Hypertension in pregnancy: Labetalol extends benefits for pregnancy outcomes

22 Feb 2022 bởiJairia Dela Cruz
Hypertension in pregnancy: Labetalol extends benefits for pregnancy outcomes

Common blood pressure (BP)-lowering medications in pregnancy cut the risk of severe hypertension, but labetalol has the added advantage of reducing the risks of proteinuria or pre-eclampsia and perinatal death, according to the results of a network meta-analysis.

Pooled data from 61 trials of antihypertensives for nonsevere pregnancy hypertension (n=6,923 women) showed that all commonly prescribed BP lowering drugs (labetalol, other β-blockers, methyldopa, calcium channel blockers, and mixed/multidrug therapy) produced around 30–70 percent reduction in the risk of progressing to severe hypertension as compared with placebo or no therapy. [Hypertension 2022;79:614-628]
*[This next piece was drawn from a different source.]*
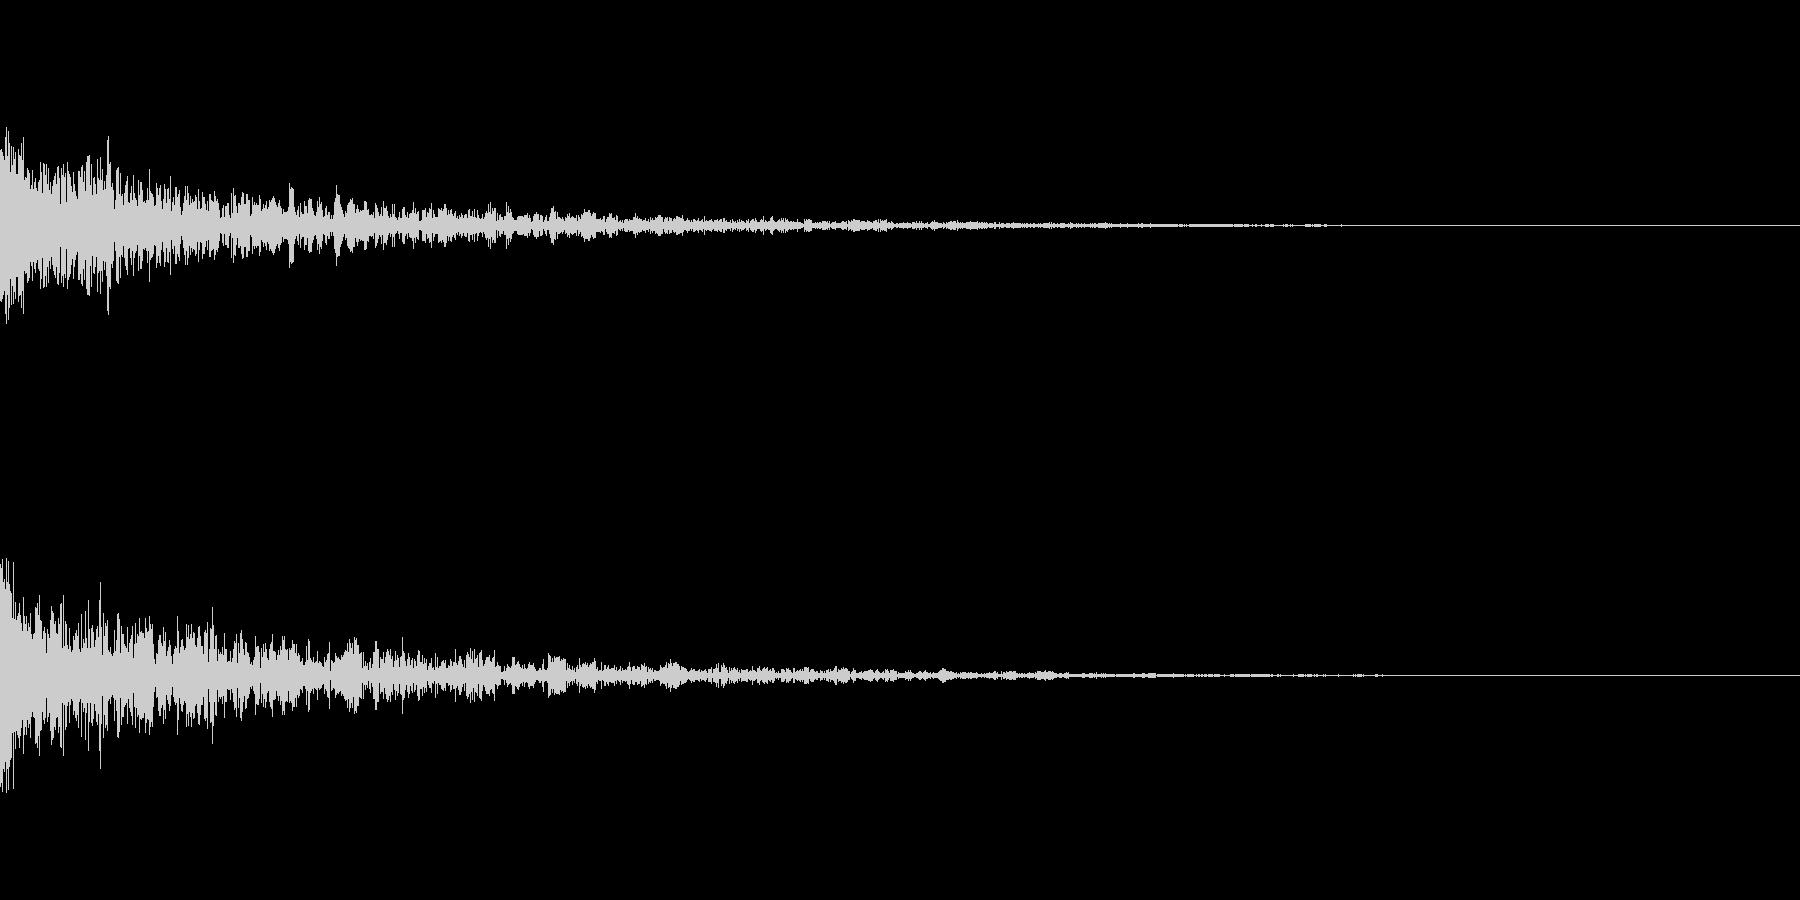 ドーン-32-1(インパクト音)の未再生の波形
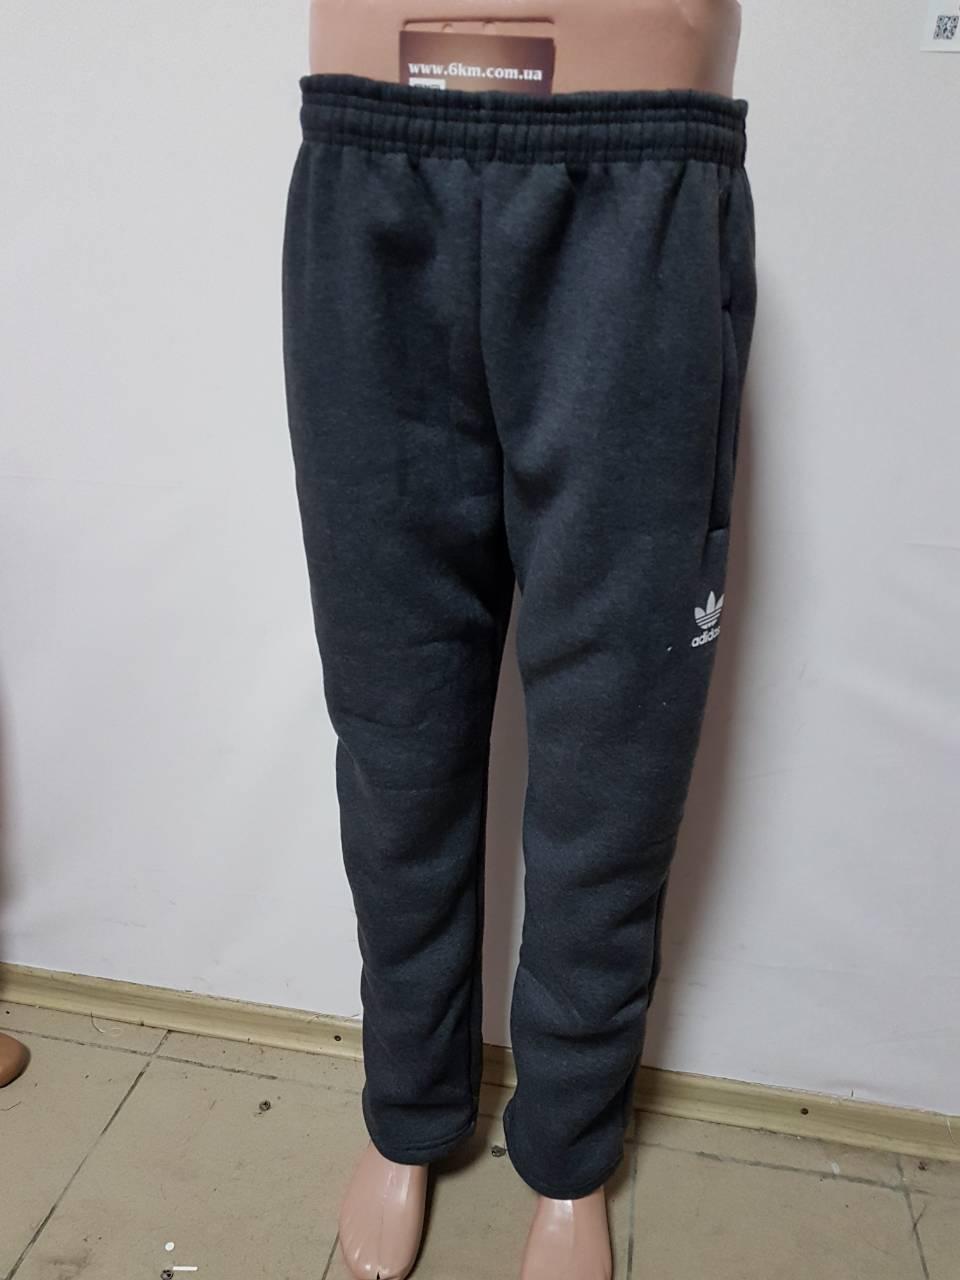 43bd9c748937 Мужские штаны на флисе серые Adidas Турция: продажа, цена в Одессе.  спортивные штаны ...

There was no indication that one drug, whether used alone or in combination, was different from another with regard to preventing progression to severe hypertension, the investigators noted.

Meanwhile, labetalol was the sole BP-lowering drug to yield a beneficial effect on maternal and perinatal outcomes. Its use lowered the likelihood of proteinuria/pre-eclampsia by 27 percent (odds ratio [OR], 0.73, 95 percent credible interval [CrI], 0.54–0.99) and foetal/newborn death by 46 percent (OR, 0.54, 95 percent CrI, 0.30–0.98) compared with placebo or no therapy.

When compared with other drugs, the odds of proteinuria/pre-eclampsia decreased by more than 30 percent with labetalol vs methyldopa (OR, 0.66, 95 percent CrI, 0.44–0.99) and calcium channel blockers (OR, 0.63, 95 percent CrI, 0.41–0.96).

No other differences were identified, although credible intervals were wide, the investigators acknowledged. “Trial sequential analysis indicated that 2,500 to 10,000 women per arm (severe hypertension or safety outcomes) to >15,000 per arm (foetal/newborn death) would be required to provide definitive evidence.”

Suitable first-line therapy

That BP-lowering drugs outperform placebo/no therapy by a large margin does not come as a surprise, according to the investigators. In fact, many national and international guidelines now recommend that clinicians prescribe antihypertensives to women to normalize BP in pregnancy. [Am J Obstet Gynecol 2020;doi:10.1016/j.ajog.2020.08.018]

“Our findings are consistent with traditional meta-analysis that has refuted an association between β-blockers and foetal growth restriction. Notwithstanding, concerns about atenolol remain; this drug was not analysed separately from β-blockers in [the present analysis] but was in another that examined antihypertensives for treatment of chronic hypertension in pregnancy, showing an association with small for gestational age (SGA),” the investigators said. [Am J Obstet Gynecol 2020;223:525-537]

“[Despite the] neonatal concerns, it may be reasonable to recommend first-line therapy with labetalol, given the additional potential benefits of reduced proteinuria/pre-eclampsia and perinatal death,” they noted. [https://www.nice.org.uk/guidance/ng133] 

Other reasonable choices include β-blockers, calcium channel blockers, labetalol, methyldopa, or multi-drug therapy. These choices, according to the investigators, increase the possibility that a hypertensive pregnant woman, regardless of the care setting, will have access to a BP-lowering drug.

The study has several limitations, such as the inclusion of >20-year-old trials. Just the same, the present data suggest that “clinicians can individualize antihypertensive therapy in pregnancy by choosing from among those most commonly recommended until comprehensive information can be gathered from real-world care,” the investigators said.